Ma l’episodio più grave vede protagonista don Angelo Volpe che sull’“Italia Centrale” si era spinto fino ad assimilare i mazziniani ad una banda di accoltellatori e ad accusare il loro capo spirituale, Giovanni Grilenzoni, di essere un opportunista senza ideali. Il giorno stesso delle elezioni, il 22 ottobre 1865, il direttore dell’“Italia Centrale”, mentre percorre via della Corda per recarsi alla propria abitazione in via san Pietro Martire, subisce un attentato da parte di una decina di persone che lo aggrediscono con bastoni e pugnali e lo lasciano a terra gravemente ferito. Subito soccorso, don Volpe si ristabilisce in qualche settimana, ma decide di lasciare sia la direzione del giornale sia la stessa città. Il drammatico episodio induce ad una generale presa di coscienza sul ruolo della stampa e sulle nefaste conseguenze prodotte dagli eccessi di esasperate campagne giornalistiche. Lo stesso Casali si dimette dalla direzione della “Rivoluzione” per favorire un clima di conciliazione e per prendere le distanze dal ricorso alla violenza come mezzo di lotta politica.

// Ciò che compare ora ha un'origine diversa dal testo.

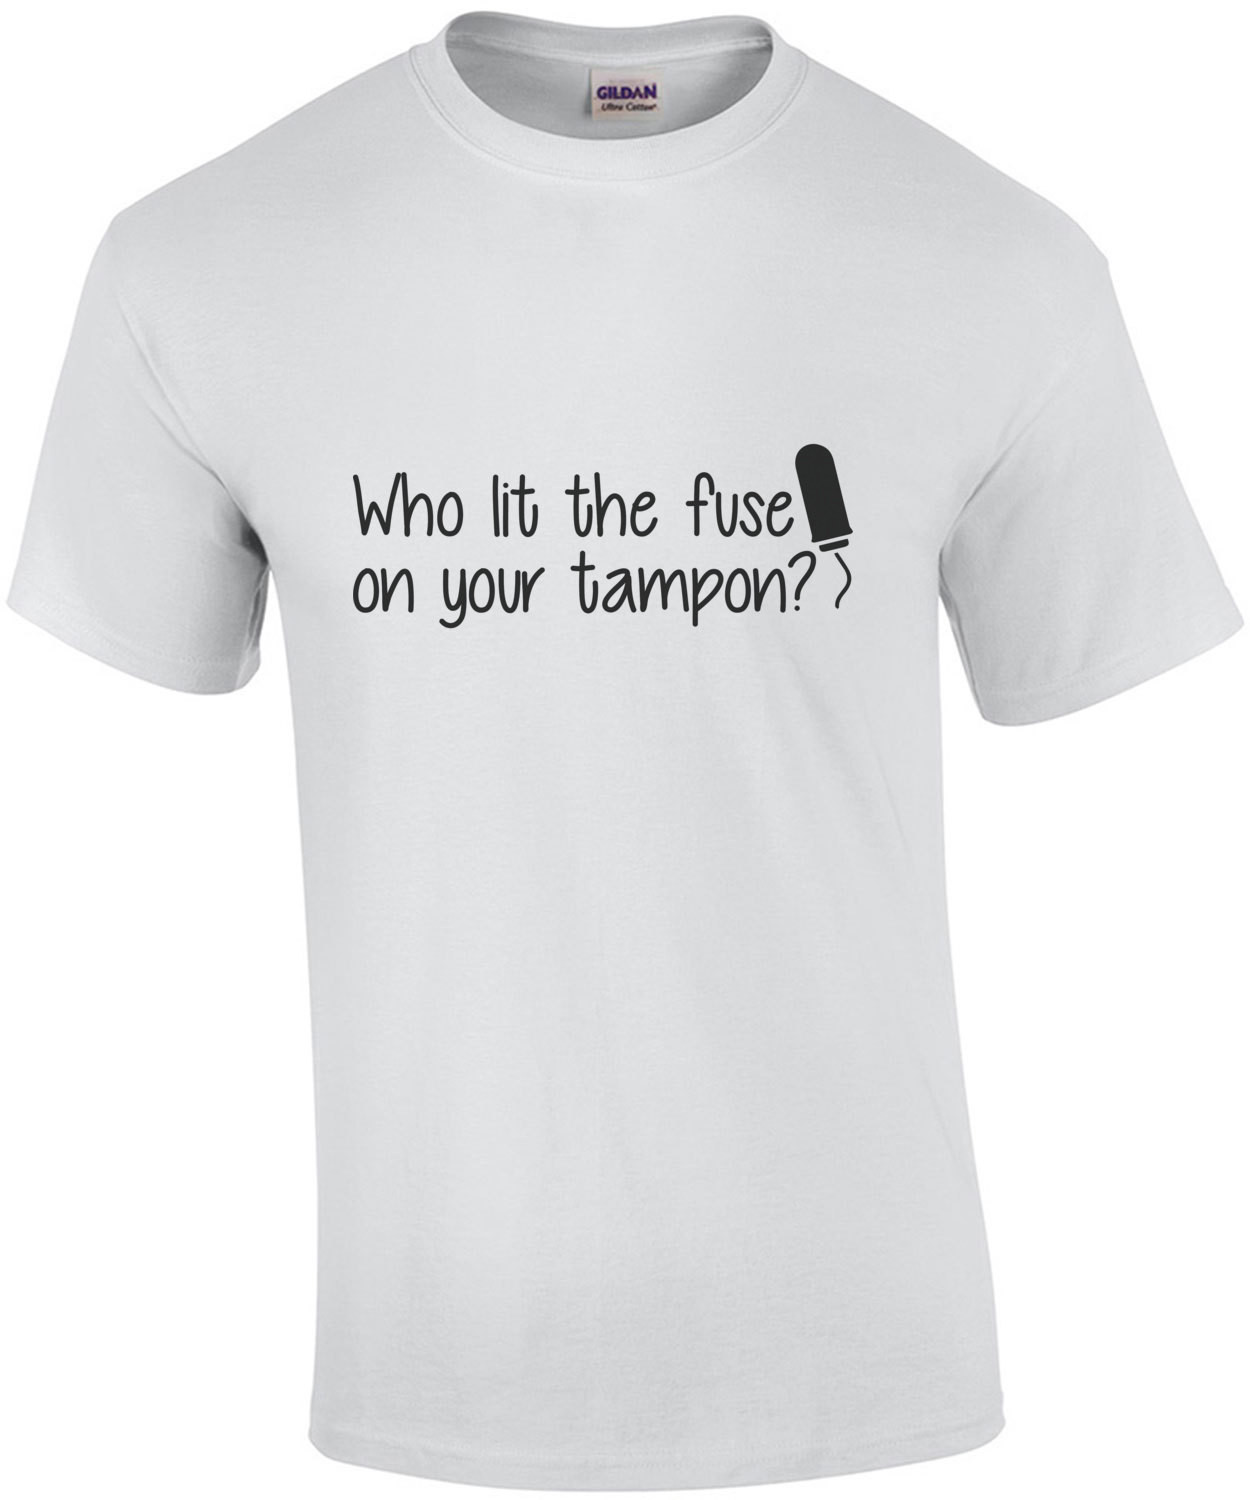 Who lit the fuse on your tampon - funny insult t-shirt

Per “L’Italia Centrale” si apre così una nuova fase: dopo un breve periodo nel quale la direzione è assunta da Enrico Peri, la gestione del giornale è affidata alle esperte mani di Stefano Calderini che la manterrà per quasi un ventennio. Con il Calderini sale alla ribalta un personaggio chiave del giornalismo reggiano, una figura che ha giocato un ruolo di primaria importanza fin dagli esordi dei primi fogli cittadini. Dal 1842 la sua libreria era stata punto di riferimento e luogo d’incontro dei patrioti reggiani che vi potevano trovare le opere del D’Azeglio o del Gioberti, introdotte clandestinamente eludendo la stretta sorveglianza della polizia ducale. È nel suo negozio poi che viene distribuito nel 1848 il “Giornale di Reggio”, attorno al quale si stringe quel gruppo di liberali moderati chiamati appunto “calderiniani” o “Governo Calderini”. Ed ancora è presso la sua tipografia che si stampano prima “Il Crostolo”, poi “La Gazzetta di Reggio” ed infine anche “L’Italia Centrale”. Assunta quindi la proprietà e la direzione del giornale, il Calderini, facendosi coadiuvare dal figlio Italo, mantiene una linea di moderazione e di prudenza, lontana dalle esasperazioni del passato, ma non per questo meno battagliera nella difesa dei princìpi a fondamento del nuovo stato unitario contro il quale si scagliano le polemiche della stampa cattolica che proprio in questi anni muove a Reggio i suoi primi passi.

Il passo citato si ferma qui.